The largest area is occupied by the 70x6 synapse array, including the 70x6 differential voltage to current converters as synapses and 70x6x5 SRAM cell for weight storage. Each 5 bit synaptic weight can be selected, red and written by the row-, column decoders and read, write circuitry. A programmable voltage source array is located nearby the synapse array which enables programmable biasing and control of the gain of neural activation functions.

# 3. Circuit operation

Figure 3 shows the analog circuitry along the signed signal path of figure 1. The processing delay of the NN pattern classifier is merely the delay introduced by this circuitry, since the rest of signal paths are parallel. The synapse circuit is a differential pair formed by T1 and T2, with a single ended voltage input and a reference voltage, which is equal for all the synapses in the NN. The outputs of synapses are differential currents, which are summed on the (differential) summing node of the corresponding neuron. Variable synaptic weight is achieved by programmable current source for the differential pair. The current source transistors T7, T8, T9, T10 are properly sized to deliver current with respect to the smallest, or unity current, according to ascending powers of 2. Any combination of these currents can be obtained by using the switch transistors T3, T4, T5, T6. The sign of the synapse can be varied by interchanging Vin and Vref, using an 8 transistor switch, which is not shown in figure 3.

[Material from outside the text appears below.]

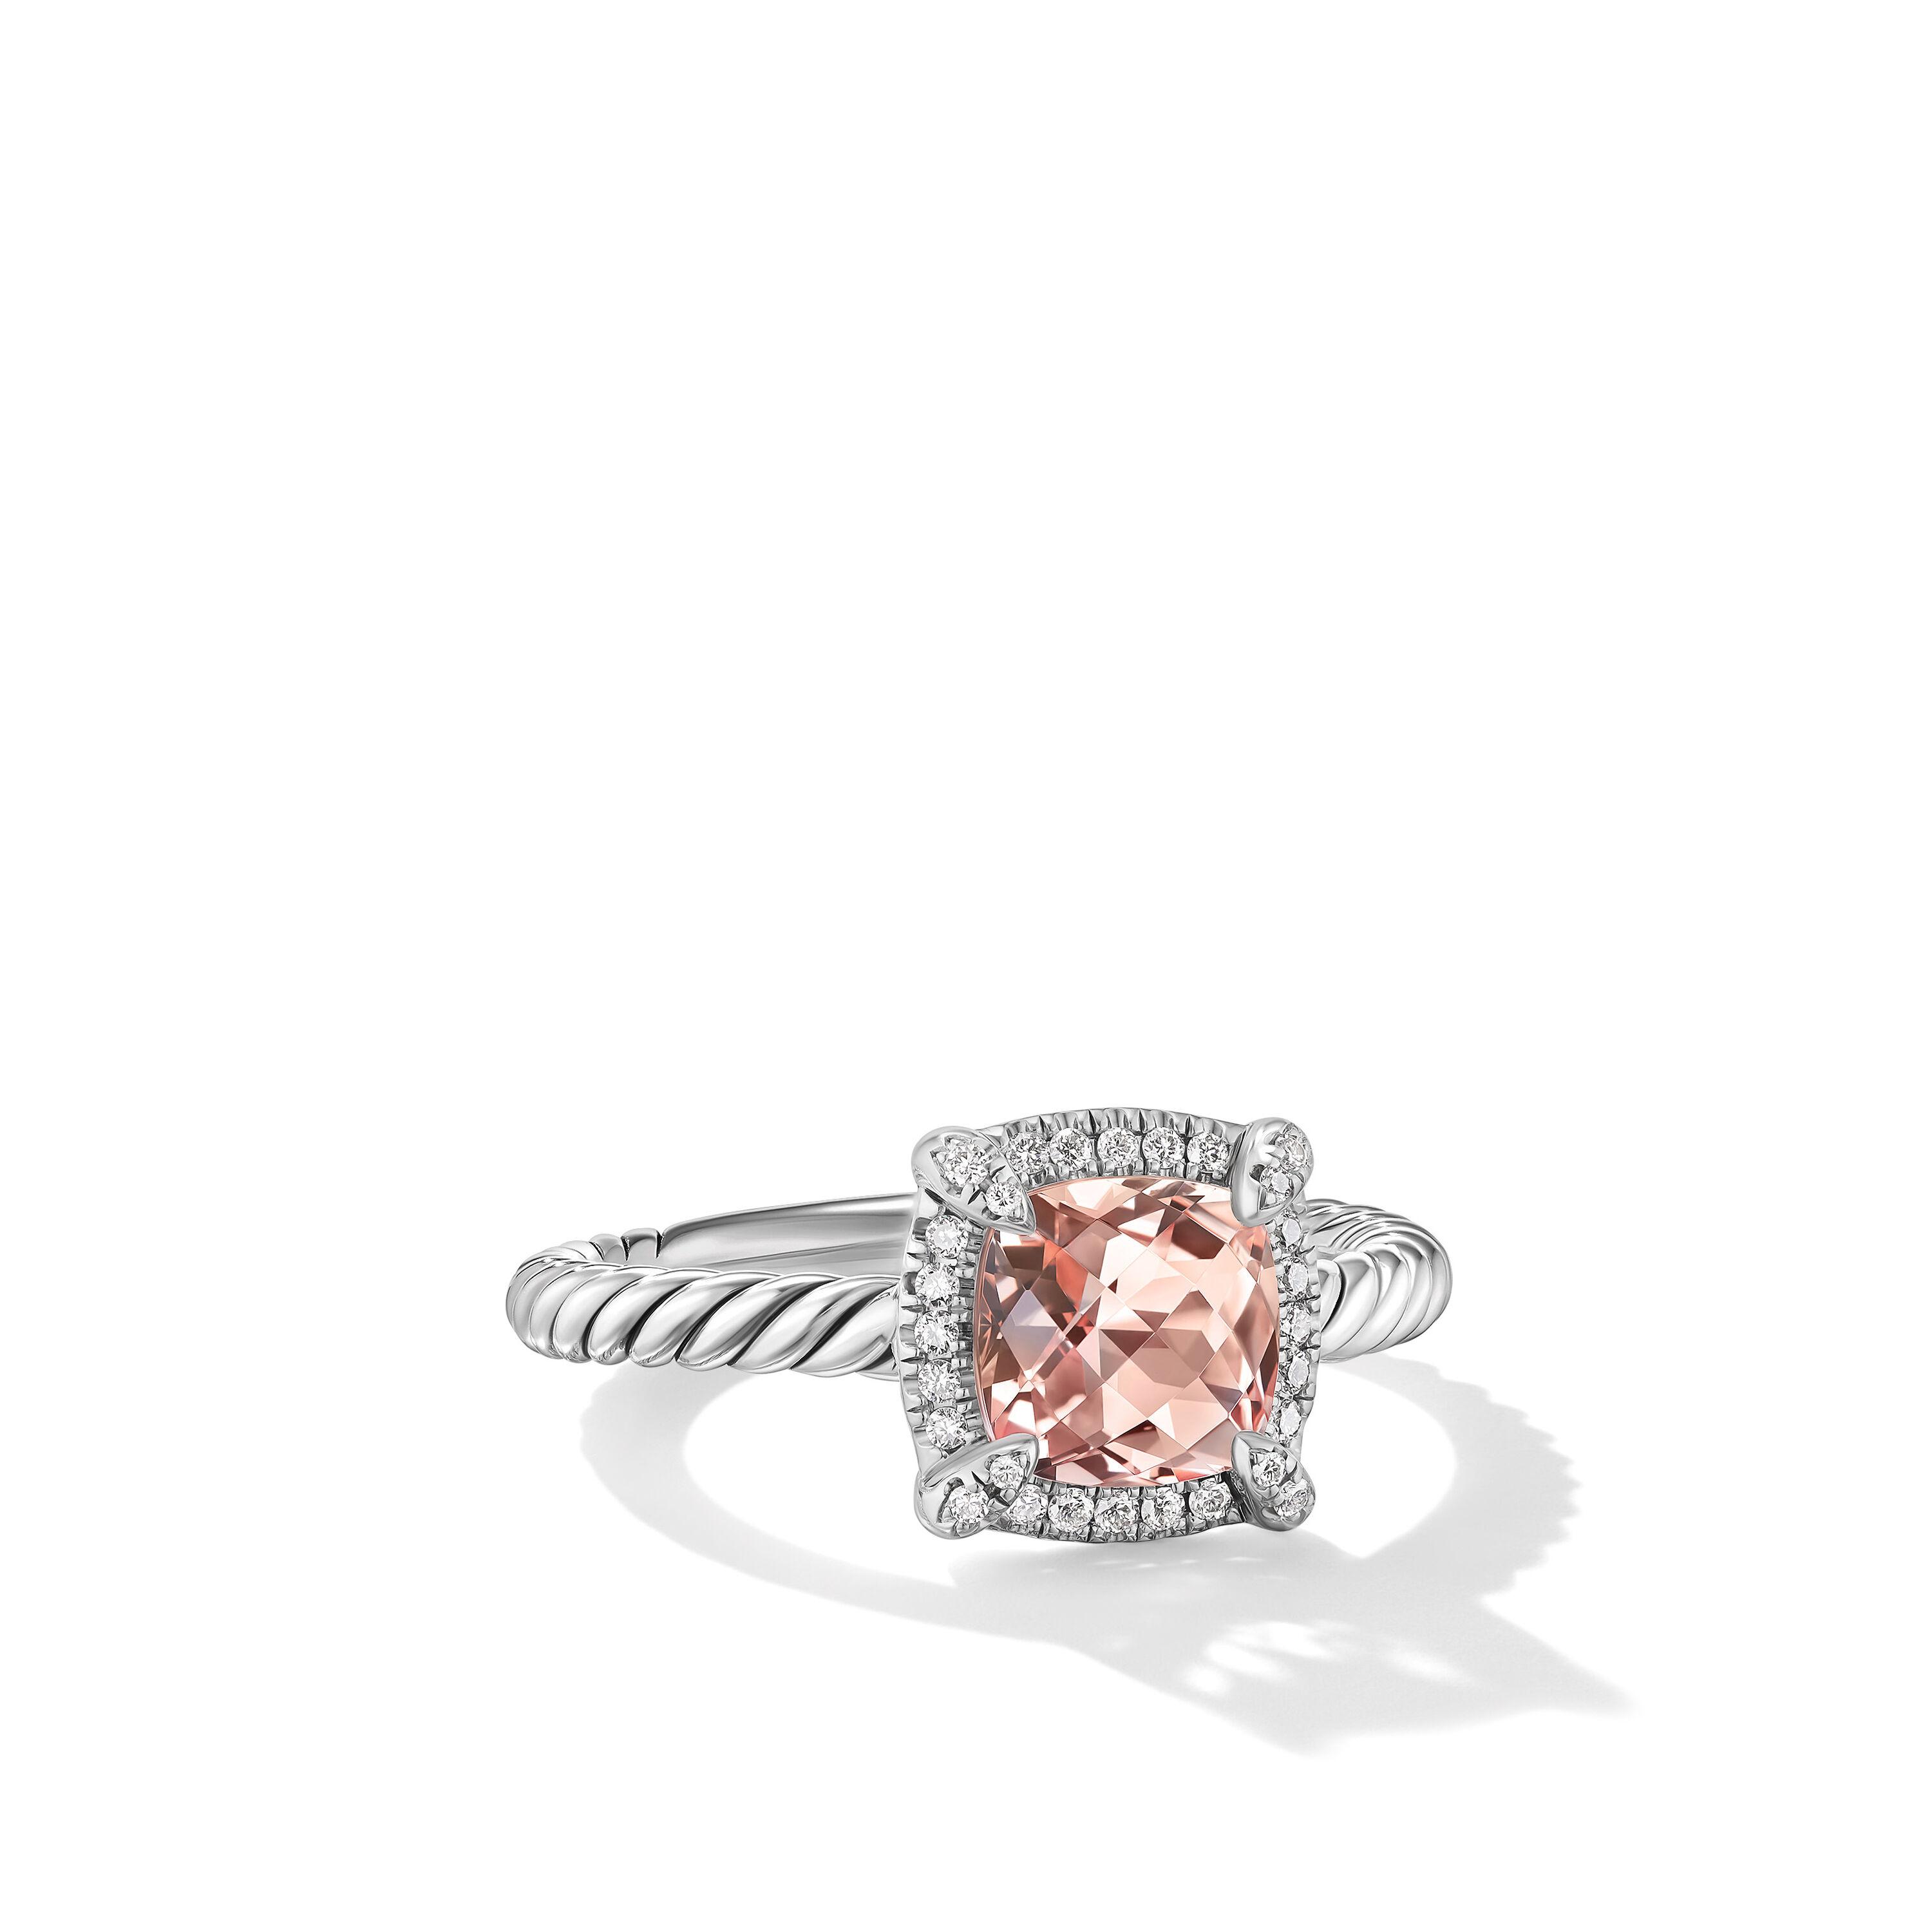 David Yurman Petite Chatelaine Pave Bezel Ring in Sterling Silver with Morganite and Diamonds, Size 6.5 0

Figure 3. Circuitry along the signed signal path of figure 1

Simulated and measured synapse characteristic is shown in figure 4a and figure 4b. The sum of synaptic currents is transformed to voltage by the load transistors T12 and T13. T11 controls the differential load. The saturating, sigmoid-like activation function, shown in figure 5, is obtained by the saturating characteristic of the second layer synapse, rather than by a separate non-linear circuit.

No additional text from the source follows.